Early targets focus on quant finance, where the tool handles Monte Carlo backtesting and options pricing. It also serves AI/ML for training and fine-tuning on H100-class instances, plus science and engineering jobs like computational fluid dynamics, molecular dynamics, and density functional theory. These workloads often bog down on DevOps setup and cost tuning.
Adviser markets a shift from hours-long configuration to seconds, with usage-based billing tied to compute consumption. The company says it selects cost-effective capacity, tapping options like cloud Spot/Preemptible instances—AWS, for instance, advertises up to 90% discounts on Spot versus On-Demand. The platform also factors in recent price changes, such as AWS’s June 2025 cuts of up to 45% on P5 (H100) On-Demand rates.
Born from real research headaches
Adviser’s origins trace back to the pain researchers and engineers face when running compute-intensive R&D in the cloud at institutions like Oxford, Vanderbilt, and Stanford. “Our team came from backgrounds in academia, scientific computing, and machine learning, and we consistently saw the same bottleneck: running large-scale simulations and data-heavy experiments required deep DevOps expertise, complex infrastructure setup, and constant cost management,” Wadhwani said.
The founders built Adviser initially to solve their own research workflow challenges, then validated broader demand by talking to hundreds of domain experts and engineers across quant finance, biotech, and energy. “Those conversations shaped Adviser into a patent-pending platform designed to make HPC-powered R&D accessible without requiring cloud expertise, while also optimizing speed, scalability, and cost efficiency,” Wadhwani added.
A core use case is scaling Python scripts, widely used to orchestrate cloud hardware workflows—setting up servers, managing access, and tuning costs.
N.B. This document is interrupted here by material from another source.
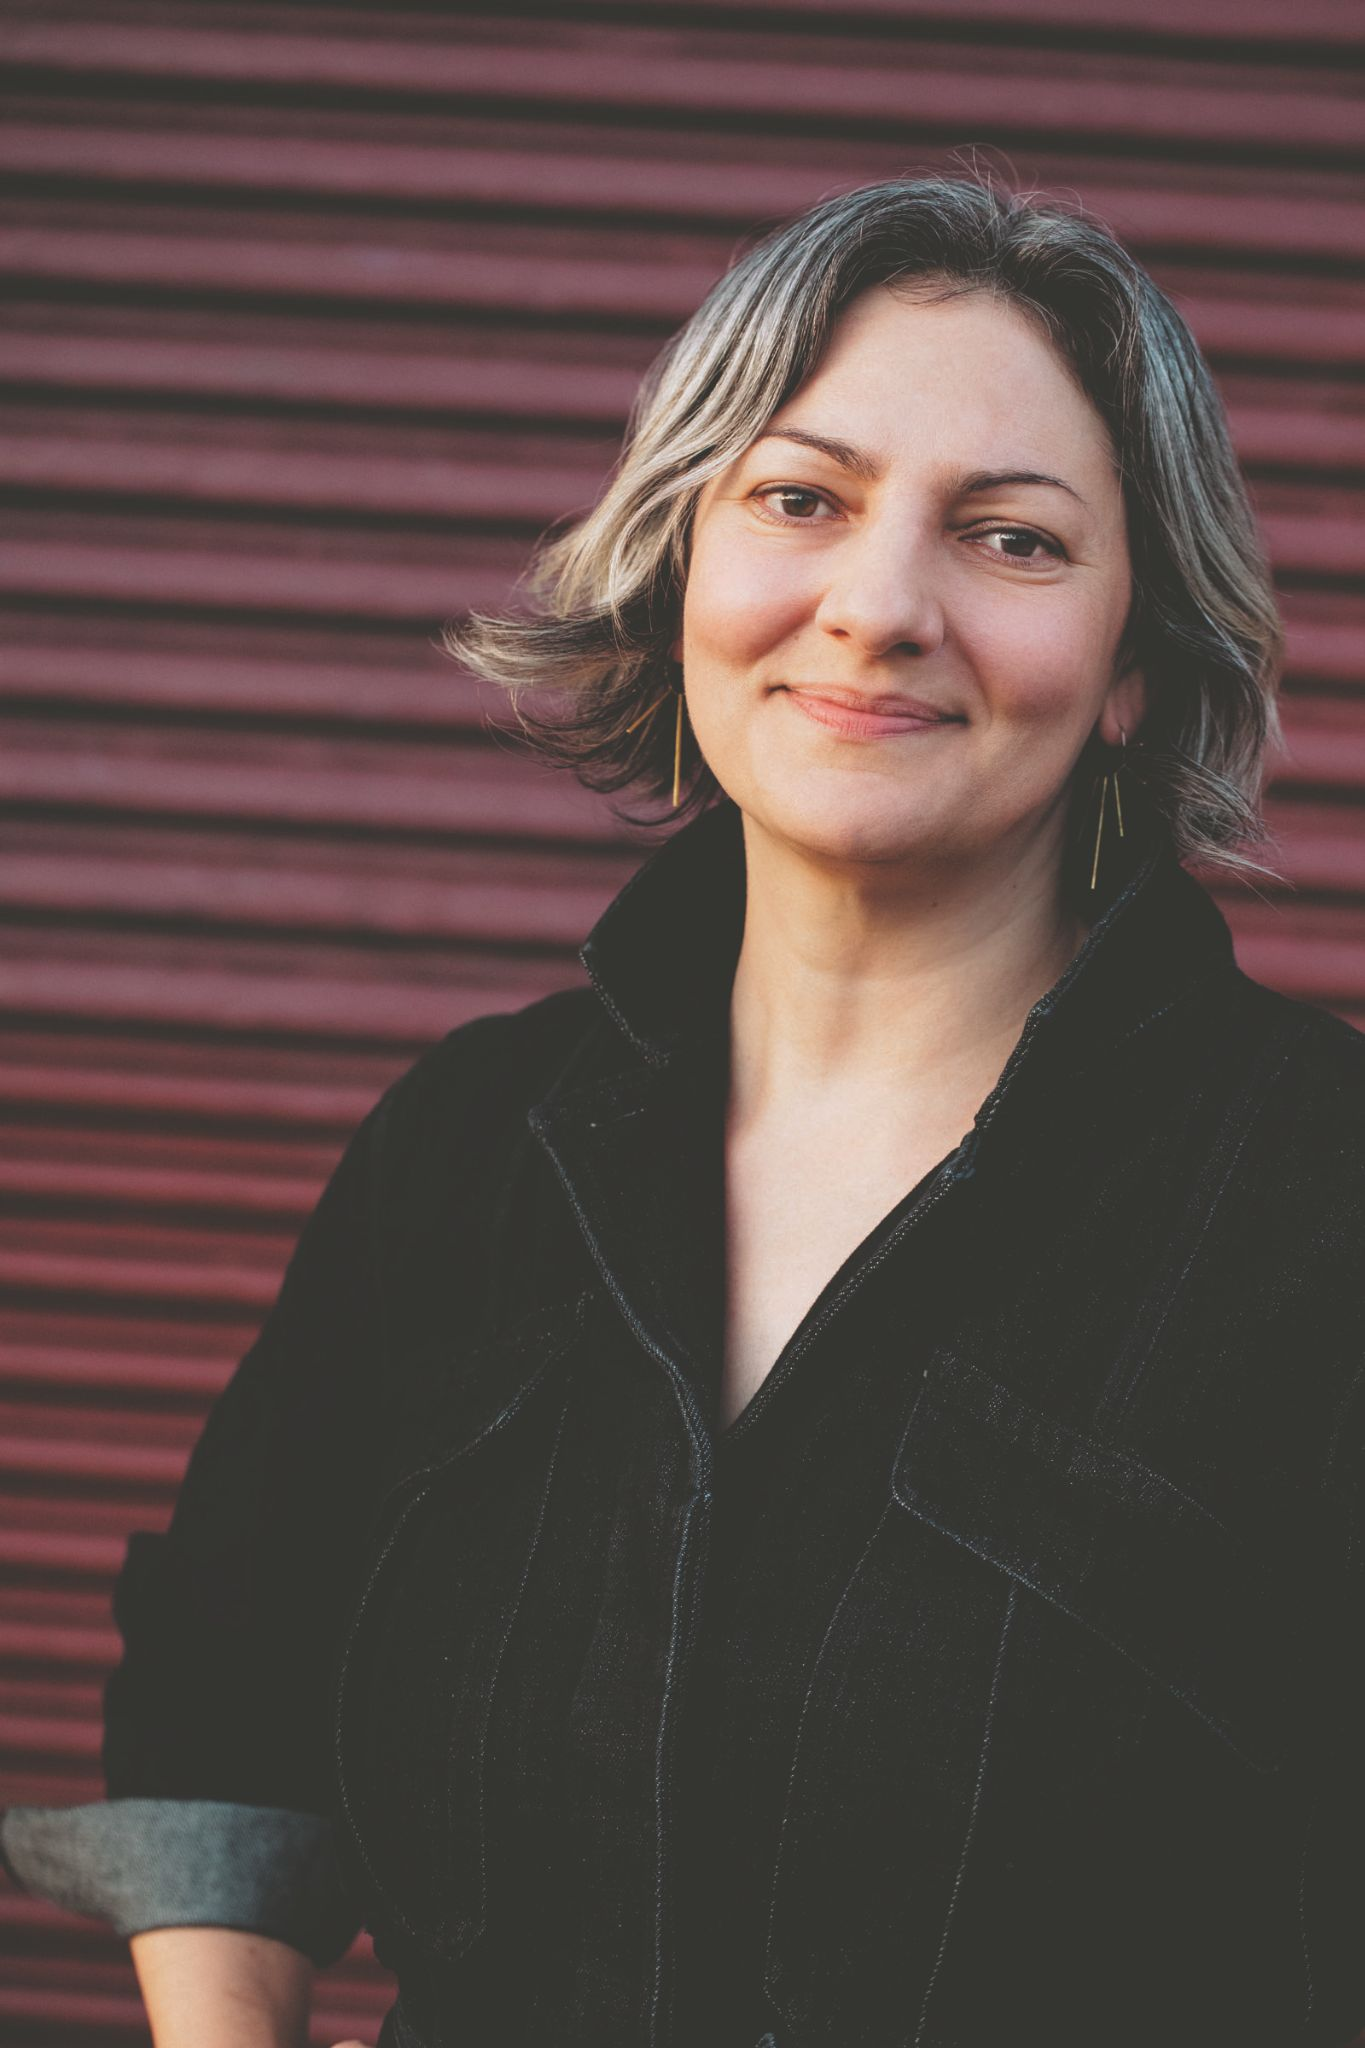 A headshot of Sarah Stein Greenberg.

Traditionally, you might type python ./my_simulation.py in a terminal; that works for small tests but chokes on massive datasets or GPU-heavy math.
Adviser swaps that approach with a single command: adviser run python ./my_simulation.py. That command packages the environment, provisions requested GPUs/CPUs, executes the job, streams logs/checkpoints, and tears down resources when finished. In other words, it aims to remove one-off steps—IAM roles/policies, queue/scheduler setup, custom image/driver pinning, regional capacity hunting, and cost guardrails—that stall first runs and slow iteration.
Adviser says it enables scientists, engineers, and R&D teams to run jobs on the cloud with a single command (e.g., adviser run “python mysim.py”), while the platform automatically handles cluster provisioning, environment orchestration, cost optimization, and streaming results back to the user’s IDE or CLI.
Diverse applications across industries
Adviser’s early deployments cluster around domains where orchestration and cost control—not raw GPU supply—tend to be the limiting factors.
“On the R&D side, our early pilots and signed enterprise customer span quantitative finance, where proprietary trading firms use Adviser to run thousands of Monte Carlo simulations, backtesting pipelines, and risk models daily, reducing both infrastructure overhead and cloud costs,” Wadhwani said.
In biotech, research teams use the platform for genomics pipelines, protein-structure workflows, and molecular dynamics—often with multi-terabyte datasets. Adviser distributes docking experiments and model training across GPUs to reduce wall-clock time and operator overhead.
In materials science and climate/energy research, workloads include density functional theory (DFT), high-throughput materials screening for batteries and semiconductors, and geospatial models used in carbon-capture studies and wind-farm layout optimization.
“Drug discovery researchers leverage Adviser to parallelize compound docking experiments and machine learning models for hit identification, cutting compute runtimes from days to hours,” Wadhwani said. “In materials science, we support teams running DFT simulations and high-throughput screening of novel compounds … and in climate and energy research, Adviser enables large-scale geospatial modeling.”